1. Send please the sheet!
2. You can use functions trace and pause for a debugging the program in Mathcad 15
1/ (1+ -1) ^2 is division by zero.
Please, you should be clearer. What should the program calculate? What is the algorithm used?
Hi
Your email has different equation than in picture, please clarify
I don't understand what you're doing in the while loop, but it seems unlikely that S1 and S2 would ever be exactly the same. Consider a few options:
While S1≠S2to
While abs(S2-S1) < {some acceptable level of tolerance}
While S1<S2
Hi,
@MJG is right. You cannot use condition S1 is not equal to S2 in while loop, when S1, S2 are real numbers. This condition is always TRUE, because of real number representation.
I am very sorry if I did not make myself clear. Not a native english speaker and I have only been studying mathematics mainly in my native language so some terms are new to me. I am uploading a Mathcad file in which my problem exists.

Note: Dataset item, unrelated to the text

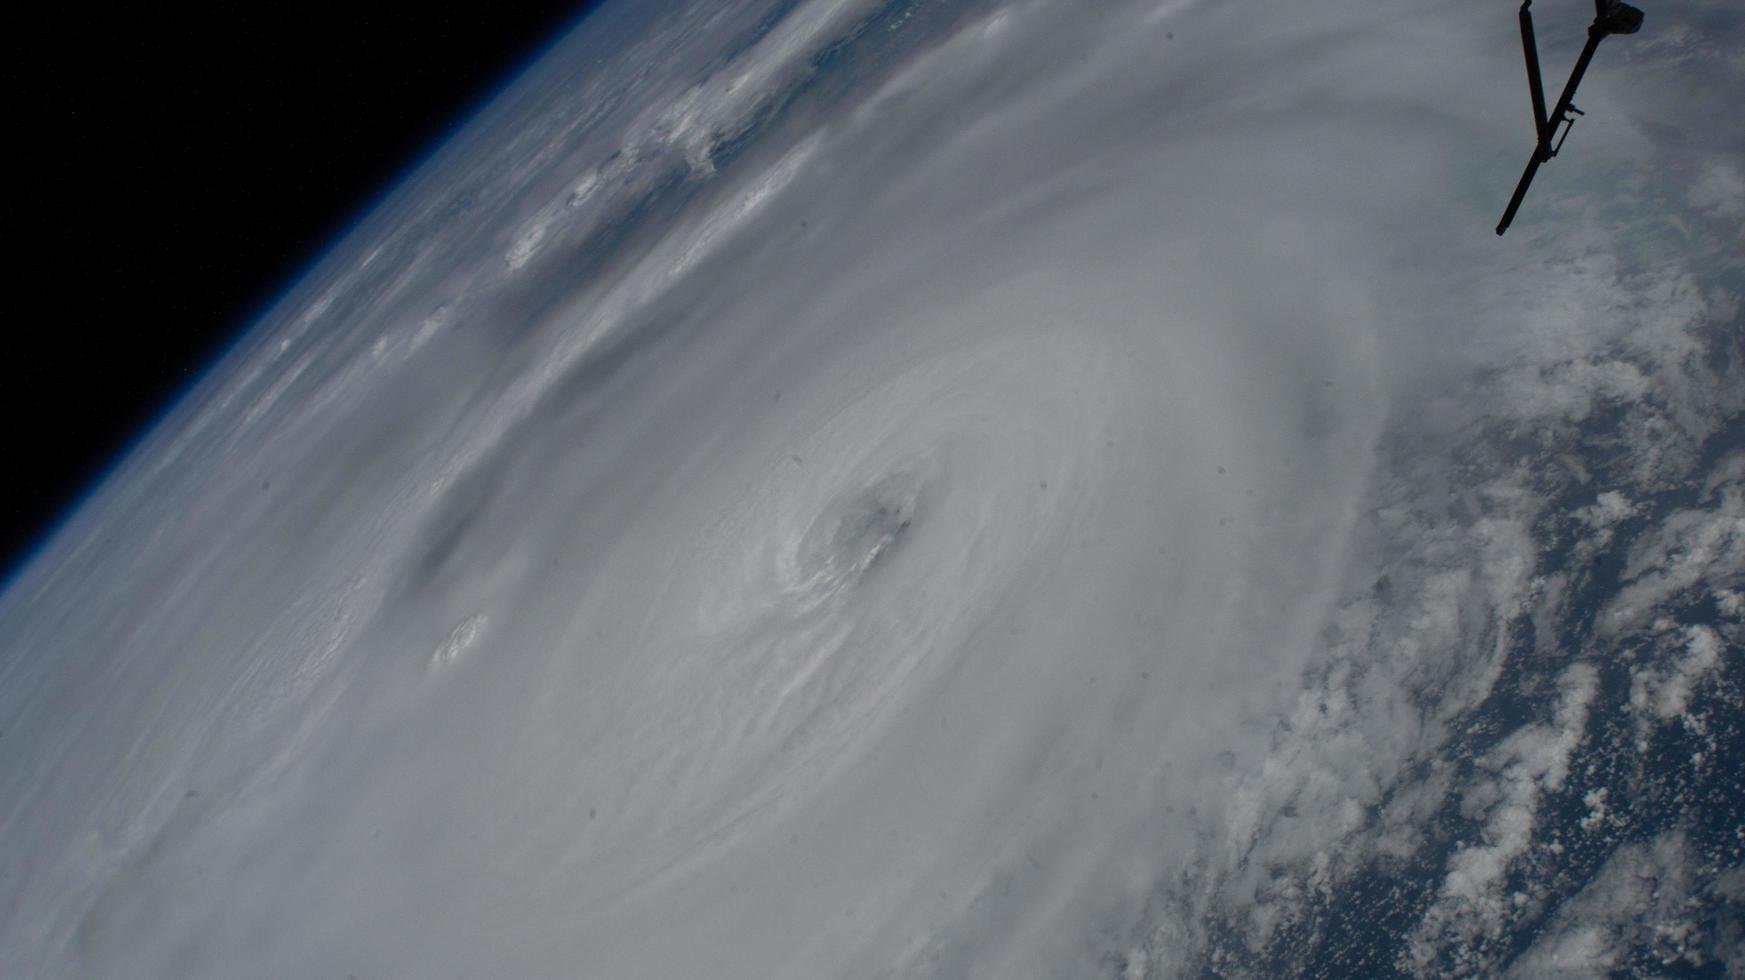 28 septembre 2022 259 miles au-dessus du golfe du mexique - l'ouragan ian est photographié s'approchant de la côte ouest de la floride comme une tempête de catégorie 4 photo
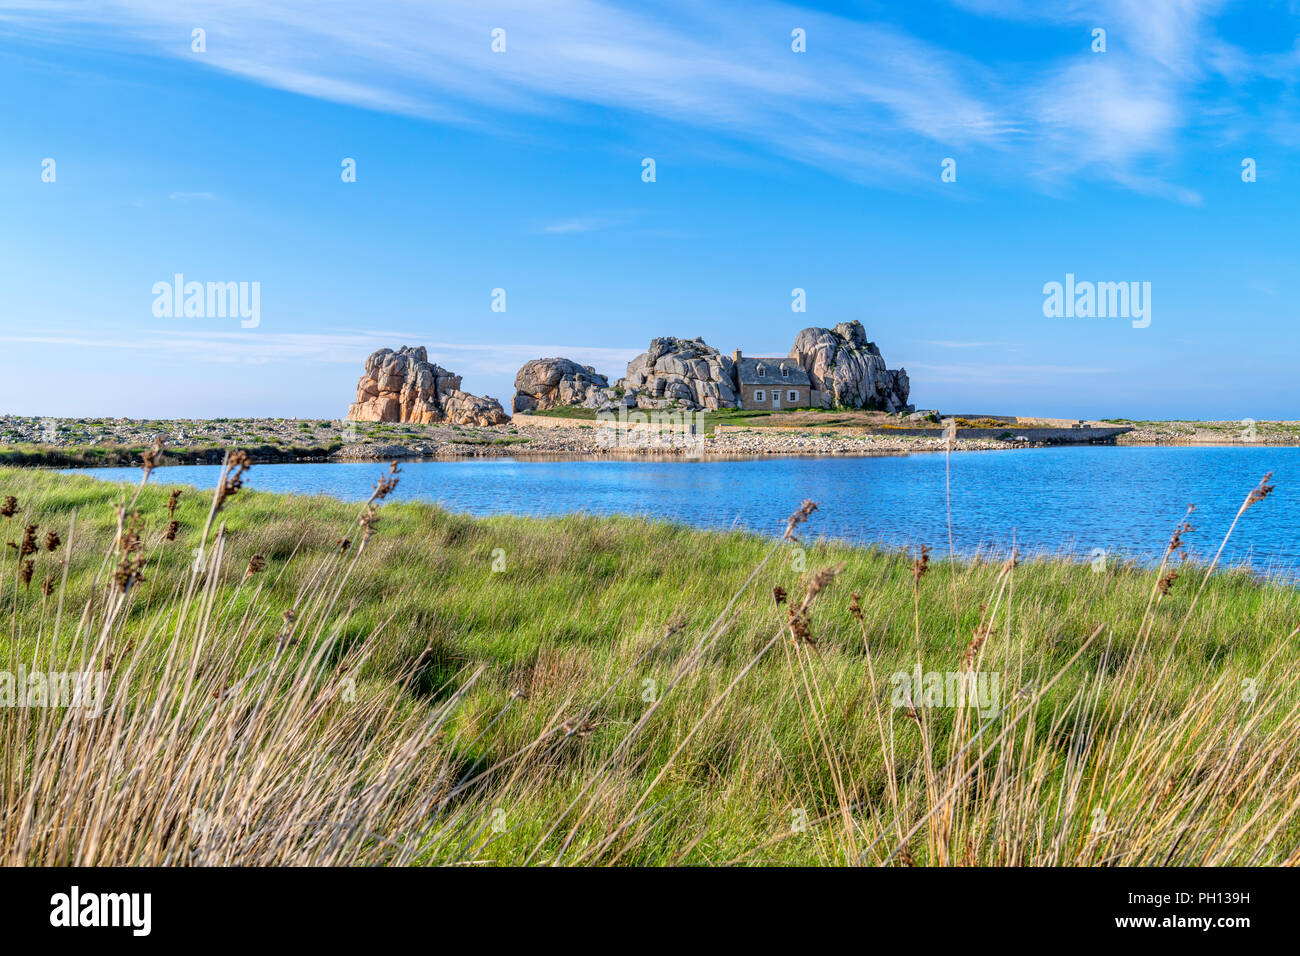 House Between Two Rocks, Le Gouffre du Castel-Meuru, Plougrescant, near Treguier, Cote de Granit Rose, Brittany, France Stock Photo

So what are we doing in class is everyone is getting a different function. We have to use maclaurin series and then calculate our given functions using other methods. Then we have to check the "error of calculation"/"the difference in result" from the inbuilt function calculator. I don't know how this method is called in english and I can't seem to find a translation.
I get the idea of what you are saying about not using
while S1 /= S2
I added an example of the same job being done with sin(x) and it's using the same system as me and everything works splendid. I have tens of other examples using the same method for different functions and they all use
while S1 /= S2
I understand that it may not work for my function, but I would like to understand why that is. I hope the two examples in the file that I've added will make more sense of what I am trying to achieve.
Everthing works great with the second function, but with the one I need it stops working if I use
x>0.99
So if I would, lets say, put x=3 (which the answer is quite easily 0.5), the program can't calculate it.
If i'm still not making myself clear, please do tell. I really would like to get to the bottom of this.
I'm not familiar with the maclaurin series, so I don't know what you're doing incorrectly. However, take a look at the first several iterations of your While loop:
You can see that S1 and S2 will not be equivalent no mater how many loops you do.
In fact, you can see that "a" grows continuously further from 0. For this loop to end, you need "a" to tend toward zero.
Yes, I believe it just is not appropriate to use such a while in this sort of fuction. Thank you all for your help, cheers.
Hi,
The series does not converge rapidly. I have started from scratch.
have changed your cof(n) function to return just the last coeff. You can use it to determine the size of the terms say 42nd and 43 terms.
At this 42 and 43 terms you are working in a 0.09 level of accuracy. You can set it lower but it will take long time.
Thank you for trying, but as you can see in the graphs I added, the result is totally different from the function 1/(1+x)^1/2.
While LS(x) and sinx calculates the same. That is what I'm aiming for.
Hi,
You need to check the series expansion.
Hi
Depending on the value of x the series either converges or diverges. At 0.99 it converges. At 1.0 it diverges
Hi,
Thought I would test something.
For extra brownie points a numeric procedure called Levin U transforms can be used to accelerate convergence. Applied to this series with x<1.0 can do it in 19 terms. Summation at 19 terms is 0.6997. Transformed at 19 terms is 0.7082 same as summation at 45 terms
Hi,
Last file with graphs of 1/(1+x)^(1/2), Summation to 160 terms, & Levin-U-transforms
Note how close equation, summation to 160 terms, and Levin-U-transforms are from -0.25 to 1.00
Note at x=1 the extraordinary level of accuracy for Levin-U-transform taking into account only 13 terms.
Hi,
Close up picture -0.25 to 1.0
Series to 160 terms [Green], and Levin-U-transforms [Red] are close together but do not match exactly the equation values [Blue].
Hi,
have fixed it so your function works see |S1-s2|<0.003 use any accuracy you like here.
This does not work. The sum that I need is s[0]. You mixed it with s[3] which is my sum - f(x). Like you wrote LE(2) - F(2). It just means |0-0.577|=0.577.